No 100% sure yet, but it looks like I can provoke this by updating the configuration (ConfigMap), the resulting config reload seems to trigger the above described behavior. In my case I am simply changing the logging.level back and forth from info to warn and vise versa to make sure the config changes. It's still racy as not all Pods from the DaemonSet become nonfunctional, but some do.

alex-berger avatar Jul 01 '24 14:07 alex-berger

As a work-around we added a livenessProbe to the Alloy DaemonSet, which will make sure the alloy container is restarted if it (the metrics endpoint) becomes unhealthy (starts responding with status code 5XX).

    containers:
    - name: alloy
      livenessProbe:
        httpGet:
          path: /metrics
          port: 12345
          scheme: HTTP
        initialDelaySeconds: 30
        timeoutSeconds: 2
        periodSeconds: 30
        successThreshold: 1
        failureThreshold: 3

alex-berger avatar Jul 02 '24 15:07 alex-berger

This issue has not had any activity in the past 30 days, so the needs-attention label has been added to it.

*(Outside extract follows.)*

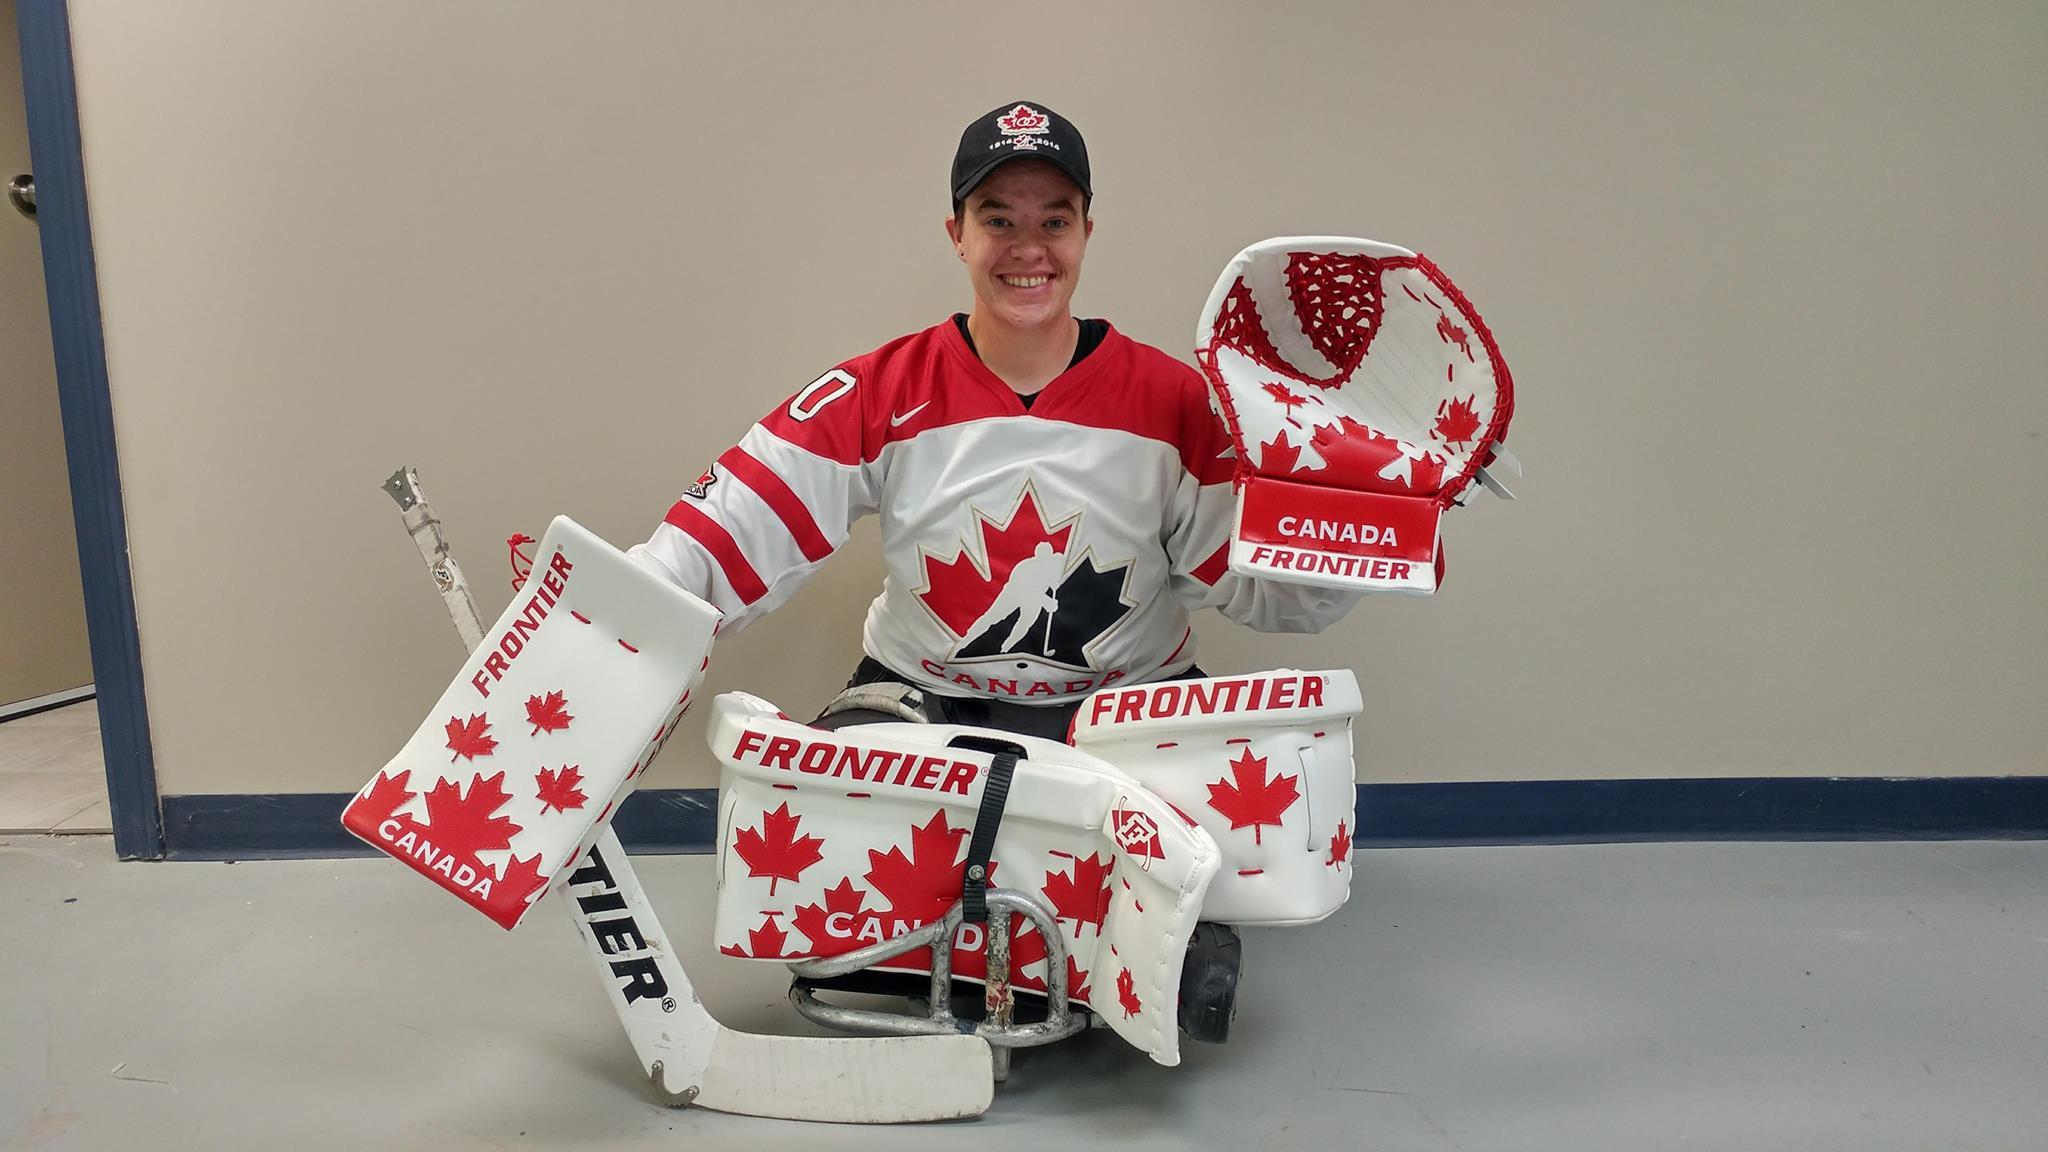 Sledge Hockey Goalie Gear For Team Canada Goalie Jessie Gregory

If the opened issue is a bug, check to see if a newer release fixed your issue. If it is no longer relevant, please feel free to close this issue. The needs-attention label signals to maintainers that something has fallen through the cracks. No action is needed by you; your issue will be kept open and you do not have to respond to this comment. The label will be removed the next time this job runs if there is new activity. Thank you for your contributions!

github-actions[bot] avatar Aug 02 '24 00:08 github-actions[bot]

Have the same issue but with statefulset

slimes28 avatar Sep 05 '24 13:09 slimes28

We're seeing the same issue with the /metrics endpoint when running Alloy 1.3.1-1 via a systemd service directly on servers (as a replacement for promtail).

It looks to happen in approximately 20-25% of alloy.service restarts across our fleet of servers.

As above, looks to be complaining about metrics generated by stage.metrics rather than the built in Alloy app metrics, e.g.:

$ curl localhost:12345/metrics
An error has occurred while serving metrics:

2 error(s) occurred:
* collected metric "journald_severity_lines_total" { label:{name:"component_id" value:"loki.process.journal"} label:{name:"component_path" value:"/"} label:{name:"identifier" value:"dns"} label:{name:"job" value:"loki.source.journal.journal"} label:{name:"priority" value:"info"} label:{name:"unit" value:"dns.service"} counter:{value:1 created_timestamp:{seconds:1727273371 nanos:383254028}}} was collected before with the same name and label values
* collected metric "journald_severity_lines_total" { label:{name:"component_id" value:"loki.process.journal"} label:{name:"component_path" value:"/"} label:{name:"identifier" value:"dns"} label:{name:"job" value:"loki.source.journal.journal"} label:{name:"priority" value:"info"} label:{name:"unit" value:"dns.service"} counter:{value:5981 created_timestamp:{seconds:1727273371 nanos:384823601}}} was collected before with the same name and label values

And the relevant config file section:

loki.process "journal" {
        forward_to = [loki.write.default.receiver]

        stage.match {
                selector = "{unit=~\".+\"}"

                stage.label_drop {
                        values = ["cmdline", "exe", "priorityval"]
                }

                stage.metrics {
                        metric.counter {
                                name              = "severity_lines_total"
                                description       = "total number of log lines"
                                prefix            = "journald_"
                                max_idle_duration = "24h"
                                match_all         = true
                                action            = "inc"
                        }
                }

                stage.labels {
                        values = {
                                cmdline     = null,
                                exe         = null,
                                priorityval = null,
                        }
                }
        }
}

Edit: Spotted this where something similar was happening with loki.source.heroku https://github.com/grafana/alloy/commit/266484c701e123326d508ececf8a9112a3351b6e

heapdavid avatar Sep 25 '24 14:09 heapdavid

Actually on further testing mine seems to be broken by the second stage.labels stanza - changing it to the following fixes the issue on restart:

                stage.labels {
                        values = {
                                cmdline     = "cmdline",
                                exe         = "exe",
                                priorityval = "priorityval",
                        }
                }

Seems different enough to yours to be a different problem, will open a new issue

heapdavid avatar Sep 26 '24 14:09 heapdavid

Btw, this issue was already present from promtail and reported on this issue https://github.com/grafana/loki/issues/8174...

alidorludovic avatar Sep 27 '24 14:09 alidorludovic

~~@alex-berger Please report this issue to the Grafana Alloy repository.~~

chaudum avatar Oct 19 '24 18:10 chaudum

Sorry, I came here from an issue in Loki, and was under the impression that I was looking at an issue in the Grafana/Loki repository.

chaudum avatar Oct 19 '24 19:10 chaudum